R (Singapore Medical Council) v General Medical Council

JurisdictionEngland & Wales
CourtQueen's Bench Division (Administrative Court)
JudgeMR JUSTICE DAVIS,Mr Justice Davis
Judgment Date21 December 2006
Neutral Citation[2006] EWHC 3277 (Admin)
Docket NumberCase No: CO/10379/2005
Date21 December 2006

[2006] EWHC 3277 (Admin)





Mr Justice Davis

Case No: CO/10379/2005

The Queen (on the Application of the Singapore Medical Council)
The General Medical Council
Professor Simon Shorvon
Interested Party

Mr David Pannick QC and Mr Jeremy Hyam (instructed by Leigh Day & Co) for the Claimant

Mr Nigel Pleming QC (instructed by Field Fisher Waterhouse) for the Defendant

Mr Philip Havers QC (instructed by Medical Protection Society) for the Interested Party

Hearing dates: 4 th & 5 th December 2006




On any view this is most unfortunate litigation. It involves the Singapore Medical Council ("the SMC") alleging with regard to its counterpart in Britain, the General Medical Council ("the GMC"), that the GMC has reached, through a decision of a Chairman of the Investigation Committee, a decision which is wholly unsustainable and irrational; and that the GMC has also, by failing to consult it, breached a duty of fairness said to be owed to the SMC. In the course of its written submissions the SMC has also stated, among other things, that the GMC has, by its conduct in this case, shown that "the GMC does not respect the findings or integrity of the SMC and its procedure". It is further said that the GMC "should not lightly have ignored the findings or the arguments of their equivalent professional body in Singapore" (thereby implying that it has so ignored them); and, still further, that the Chairman in question "unlawfully usurped" the functions of a Fitness to Practise Panel. These strong allegations, as are the overall grounds advanced by the SMC, are in turn strongly denied by the GMC. For his part, the practitioner the subject of the relevant disciplinary proceedings, Professor Simon Shorvon, has challenged the standing of the SMC to bring these present proceedings: and, indeed, has attributed to the SMC an "improper motive" in doing so.


In a nutshell, the context of the present proceedings is this.

2.1. In 2001 a wide-ranging medical research project was initiated in Singapore. Professor Shorvon was appointed principal lead investigator. Work on the project commenced in about July 2002. Within a few months complaints surfaced about the conduct of the project. There were inquiries and reports.

2.2. Ultimately the SMC conducted its own inquiry. 30 charges were brought against Professor Shorvon. The SMC inquiry was held in Professor Shorvon's absence, he having disputed the SMC's jurisdiction.

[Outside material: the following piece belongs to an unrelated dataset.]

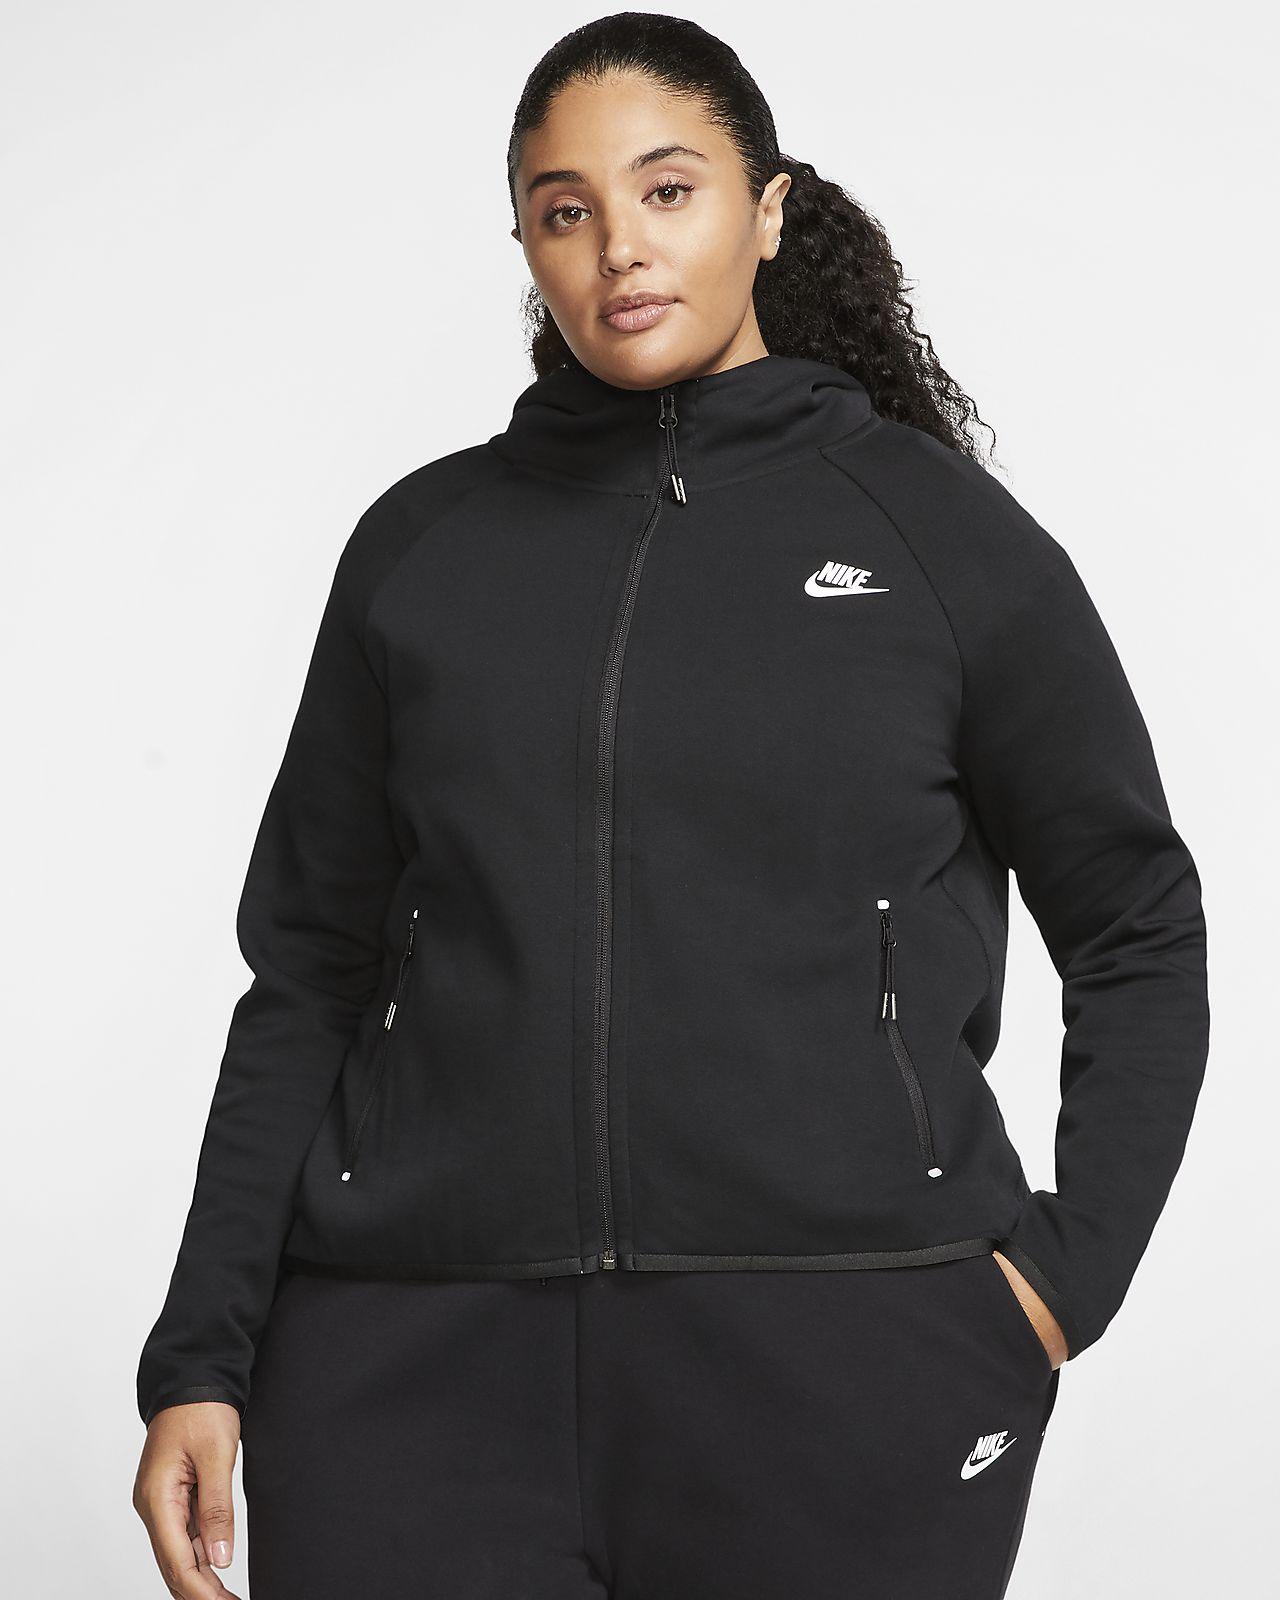 Nike Tech Fleece Bomber Girl's Jacket, Girls, Tech Fleece

2.3. The SMC concluded that Professor Shorvon was guilty of professional misconduct under s.45(1)(d) of the Medical Registration Act (Act 5 of 1997) of Singapore, the SMC announcing its findings on 20 th February 2004. It found all the charges proved. It censured Professor Shorvon, required him to give an undertaking, fined him, and directed that his name be removed from the Register of Medical Practitioners in Singapore. He was also ordered to pay costs.

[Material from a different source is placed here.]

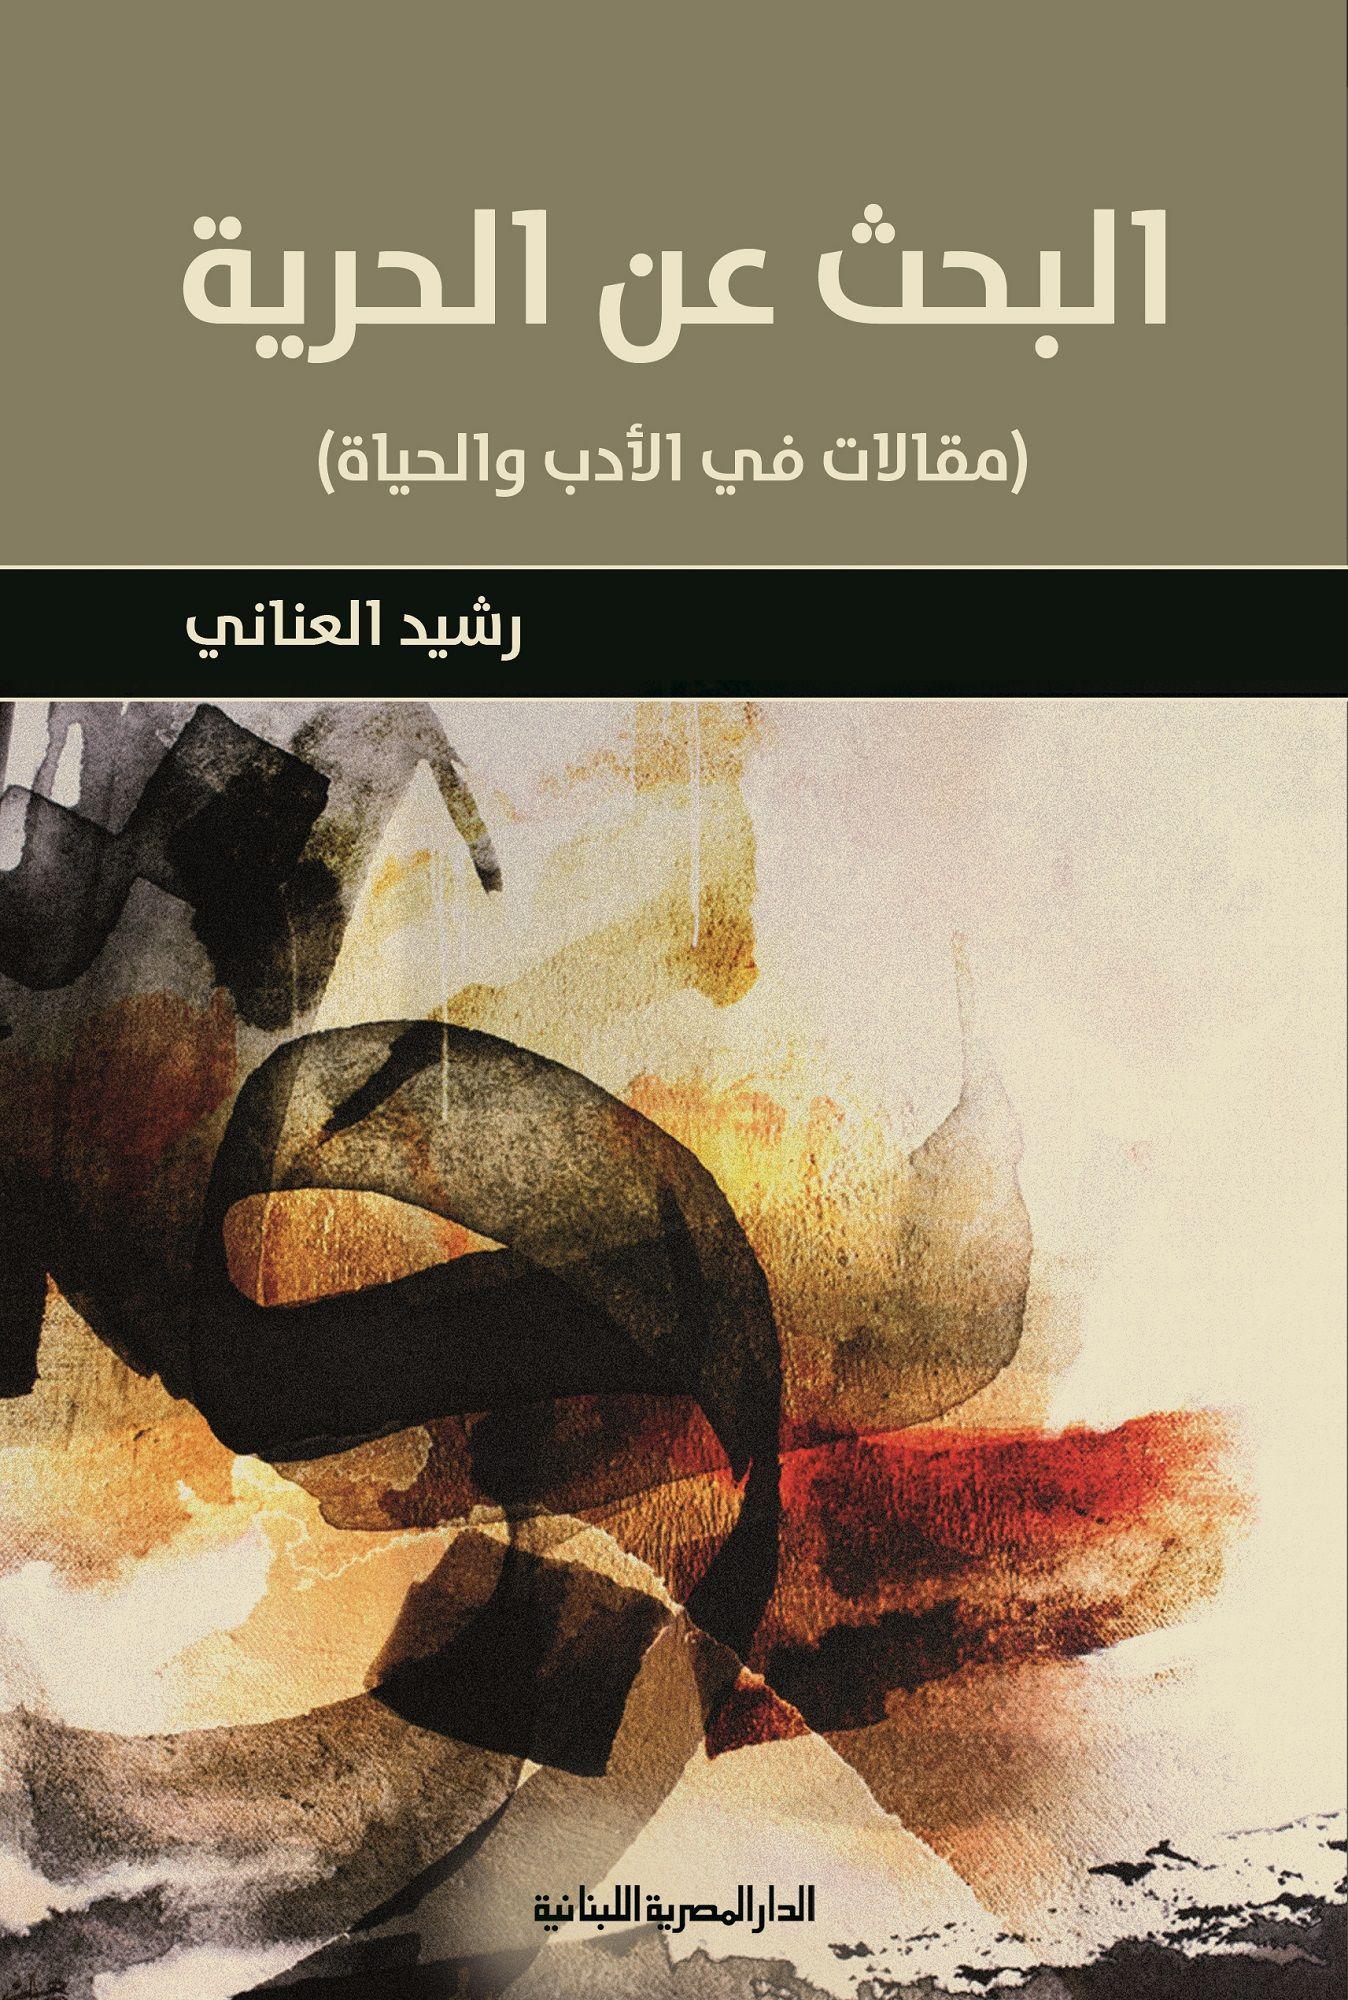 البحث عن الحرية الدار المصرية اللبنانية Poster Movie Posters Movies

2.4. The GMC had been aware of such proceedings in Singapore. On 1 st July 2004 a screener referred charges to a Preliminary Proceedings Committee which in due course on 22 nd September 2004 decided that a charge should be formulated and referred the matter to a Fitness to Practise Panel.

2.5. By decision communicated on 23 rd September 2005 the Chairman of the Investigation Committee exercising (or purporting to exercise) his powers under the Rules directed that the referral to the Panel be cancelled.


It is that decision to cancel which is the subject of challenge by the SMC as having been made in circumstances of procedural unfairness and/or as being substantively unsustainable. The Claim Form was issued on 16 th December 2005. Permission was granted on 20 th February 2006.


At the hearing before me the SMC was represented by Mr David Pannick QC (appearing with Mr Jeremy Hyam). The GMC was represented by Mr Nigel Pleming QC. Professor Shorvon was represented by Mr Philip Havers QC.

The factual background


The factual background, in rather more detail, is this.

(a) The inquiries in Singapore


In August 2001 an application was made for a research project to be carried out in Singapore under the auspices of the National Neuroscience Institute ("NNI"), a medical institution with a particular focus on neurological research and having access to public funding. The NNI is a subsidiary of the National Healthcare Group.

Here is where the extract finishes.